* GDP growth to outstrip other ex-Soviet economies
* Inflation in 2012 to be slightly over 6 pct - Deputy PM
By Raushan Nurshayeva
ASTANA, Dec 6 Kazakhstan's economy, the largest
in Central Asia, is expected to expand by at least 5 percent
this year, outpacing growth in Russia and other former Soviet
economies, Deputy Prime Minister Kairat Kelimbetov said.
Annual inflation would also be at the low end of a forecast
range of between 6 percent and 8 percent this year, compared
with 7.4 percent in 2011, Kelimbetov told reporters.

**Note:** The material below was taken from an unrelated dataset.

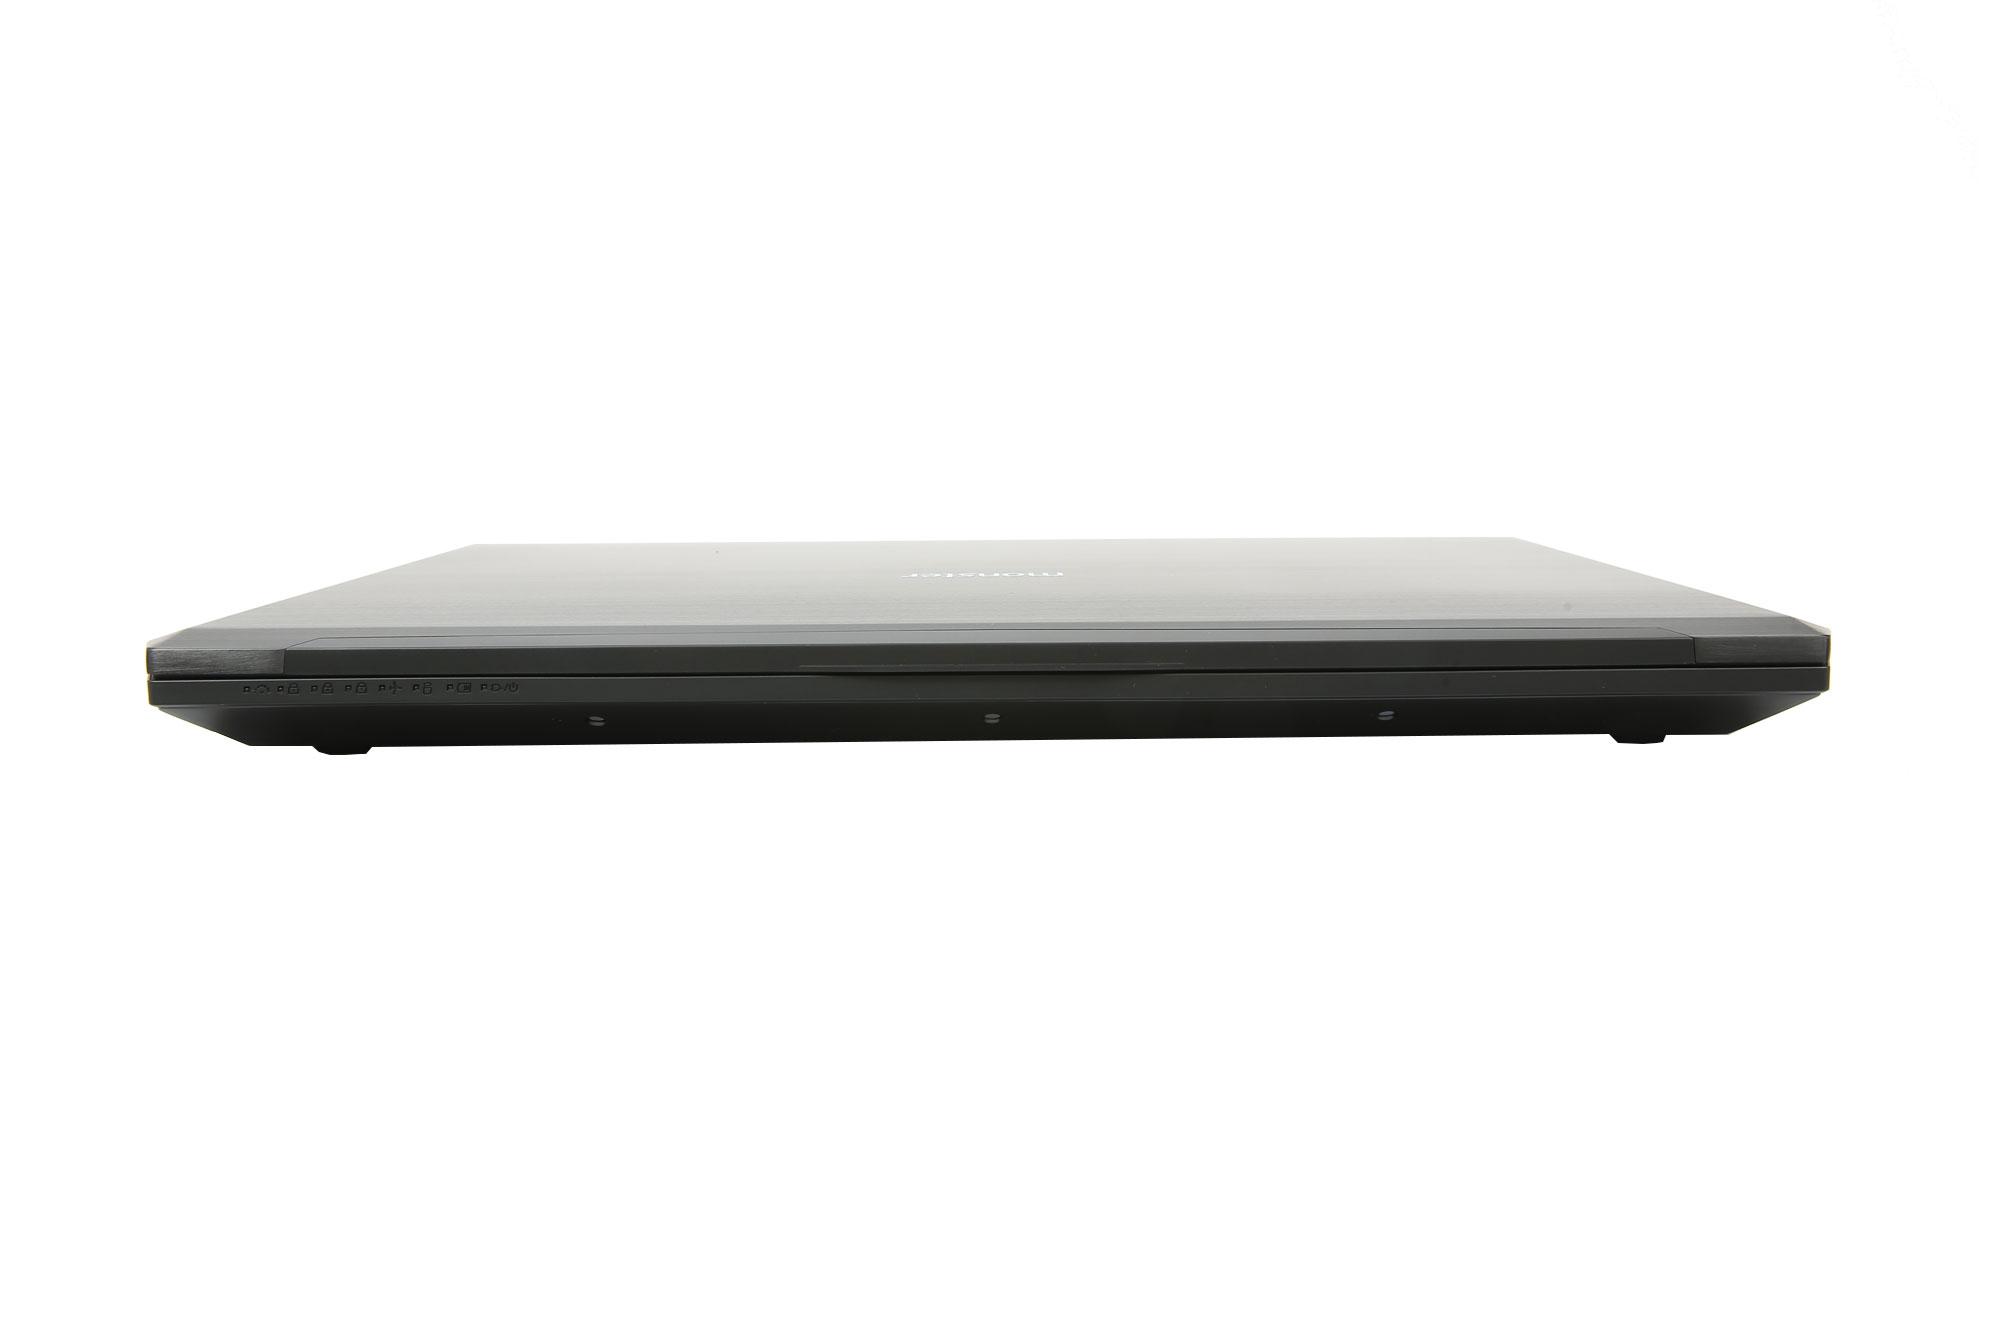 MONSTER® TULPAR T7 V4.1 17.3
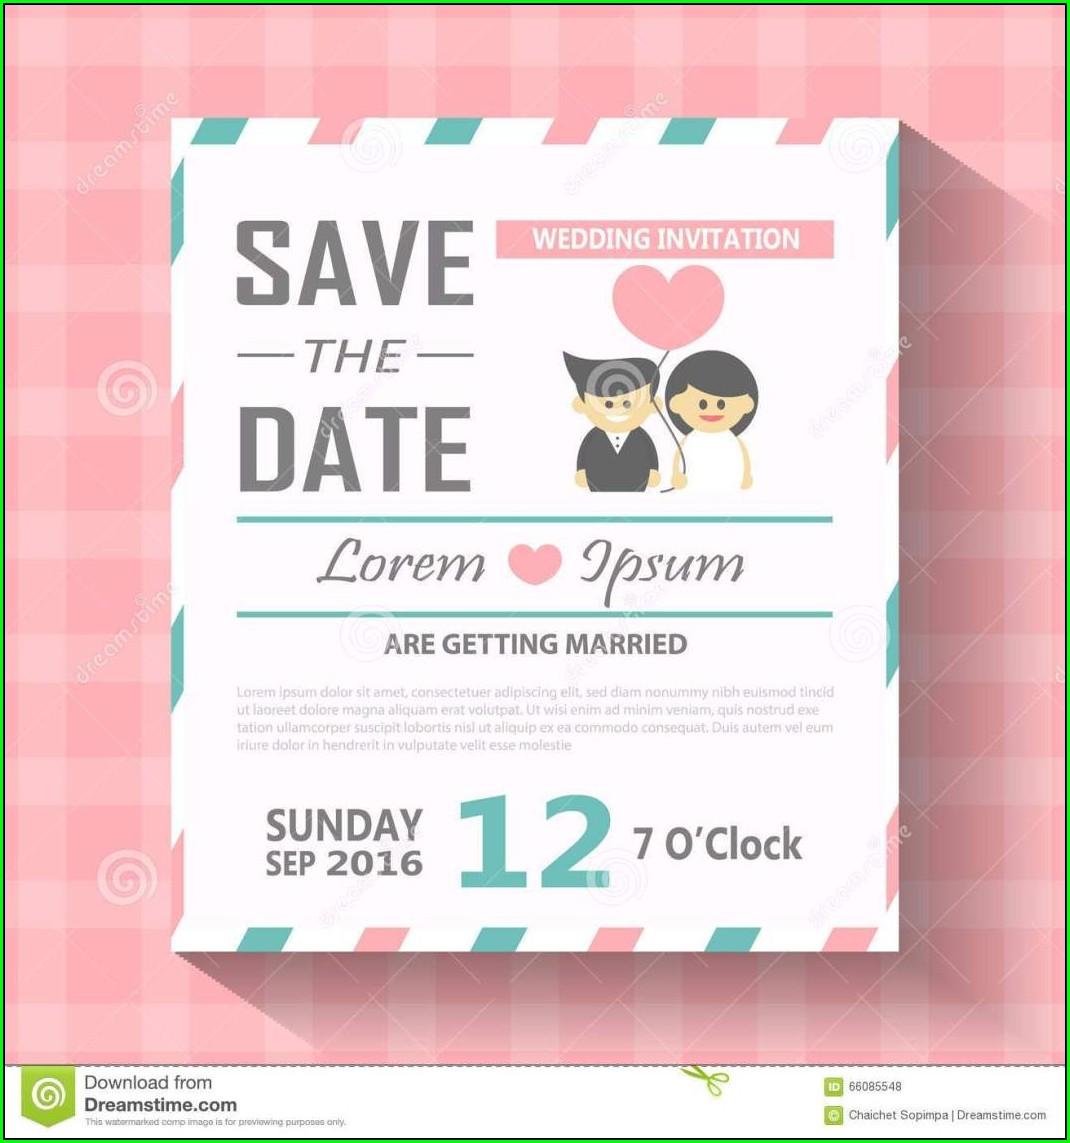 Editable Invitation Card Template Free Download

"We are planning by the end of the year for GDP growth of no
less than 5 percent and inflation a little above 6 percent," he
said on Thursday.
Kazakhstan's gross domestic product was $185 billion at the
end of 2011. The country of 16.7 million people is the largest
oil producer in the Soviet Union after Russia, and is also the
world's biggest uranium miner and a leading exporter of wheat.
The latest forecast for GDP growth is below the 7.5 percent
growth recorded in 2011, but appears set to outpace growth of
3.5 percent forecast Russia this year.
In Ukraine, officials say GDP growth this year may be about
1 percent, although some analysts expect the economy to stagnate
after shrinking 1.3 percent year-on-year in the third quarter.
Ratings agency Fitch raised its view of Kazakhstan's credit
profile on Nov. 20 in recognition of the country's sovereign
balance sheet and initial efforts to cleanse bad debts from its
The BBB+ long-term foreign currency issuer rating, with a
stable outlook, pushed Kazakhstan firmly into investment grade
territory and a notch above Russia.
Kazakhstan's sovereign debt is just 11 percent of GDP, and
Fitch expects a budget surplus of 3 percent of GDP next year.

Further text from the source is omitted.